These two-valued states can also be interpreted as logical truth assignments,
irrespective of whether the observables have been (co-)measured.
When comparing BB84-type cryptography with quanta and chocolate balls, one has to keep in mind
that the similarities with respect to complementarity appear somewhat superficial with regards to the state of the objects communicated {\em after} any measurement.
Because even if an eavesdropper, say Eve, sticks to the rules of the game by putting on colored eyeglasses,
any of her measurements would not affect or change the type of ball, and thus would not cause any {\em disturbance} of the objects communicated,
thereby not causing any measurement errors between Alice and Bob.
This is different from quantum complementarity and quantum cryptography protected by it,
for if Eve would choose a different observable than Bob she would inevitably alter the state transferred.
This amounts to a disturbance which makes it possible for Alice and Bob to recognize Eve's cryptanalytic attack through occasional measurement errors;
at least if Eve is incapable of controlling the classical channel between the two.
Of course one could alleviate this deficiency of the quasi-classical analogue by requiring Eve not to communicate the original object received from Bob,
but by redrawing from the urn and
sending Alice another object consistent with Eve's measurement.
The possibility to ascribe certain ``ontic states'' interpretable as observer-independent
``omniscient elements of physical reality''
(in the sense of Einstein, Podolsky and Rosen~\cite[p.~777]{epr},
a paper which amazingly contains not a single reference) even for complementarity observables
may raise some skepticism or even outright rejection,
since that is not how quantum mechanics is known to perform at its most mind-boggling mode.
Indeed, so far, the rant presented merely attempted to convince the reader that one can
have complementarity {\em as well as} value definiteness; i.e.,
complementarity is not sufficient for value indefiniteness in the
sense of the Bell- and Kochen-Specker argument.
Unfortunately, the two-dimensionality of the associated Hilbert space
is also a feature
plaguing present random number generators based on beam
splitters~\cite{svozil-qct,rarity-94,zeilinger:qct,stefanov-2000}.
In this respect, most of the present random number generators using
beam splitters are protected by the randomness
of single outcomes as well as by complementarity, but not by
certified value indefiniteness~\cite{PhysRevLett.85.3313,2008-cal-svo,svozil-2009-howto,10.1038/nature09008},
as guaranteed by quantum theory in its standard form~\cite{v-neumann-49}.
%(Yet they may still be certified to pass all {\em diehard} tests by the Swiss Federal Office of Metrology).
Their methodology should also be improved by the methods discussed below.

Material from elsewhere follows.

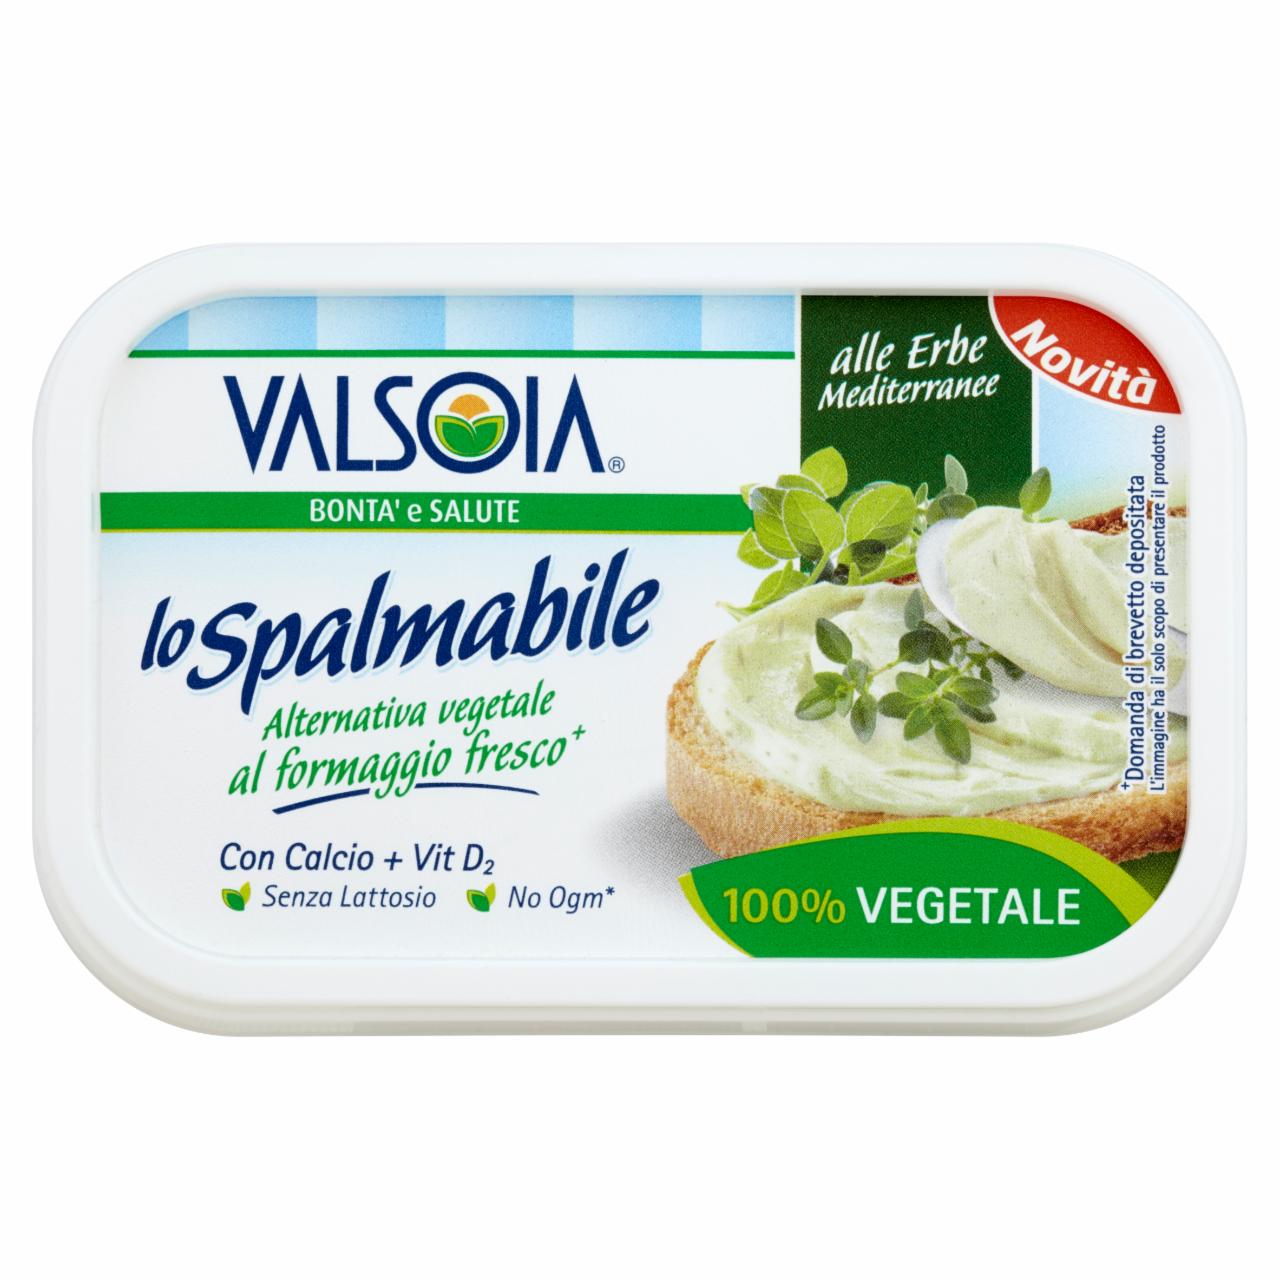 Zdjęcia - Valsoia Lo Spalmabile Kremowa pasta kanapkowa z ziołami 125 g

\section{Supporting cryptography with value indefiniteness}
Fortunately, quantum mechanics is more resourceful and mind-boggling than that,
as it does not permit any two-valued states which may be ontologically interpretable
as elements of physical reality.
So we have to go further, reminding ourselves that value indefiniteness
comes about only for Hilbert spaces of dimensions three and higher.
There are several ways of doing this.
The following options will be discussed:
\begin{enumerate}
\item
the known protocols can be generalized to three or more outcomes~\cite{PhysRevLett.85.3313};
\item
entangled pairs of particles~\cite{ekert91} associated with statistical value indefiniteness may be considered;
\item
full, non-probabilistic value indefiniteness may be attempted, at least counterfactually.
\end{enumerate}
\subsection{Generalizations to three and more outcomes}
In constructing quantum random number generators {\em via} beam splitters
which ultimately are used in cryptographic setups, it is important
(i) to have full control of the particle source, and
(ii) to use beam splitters with three or more output ports,
associated with three- or higher-dimensional Hilbert spaces.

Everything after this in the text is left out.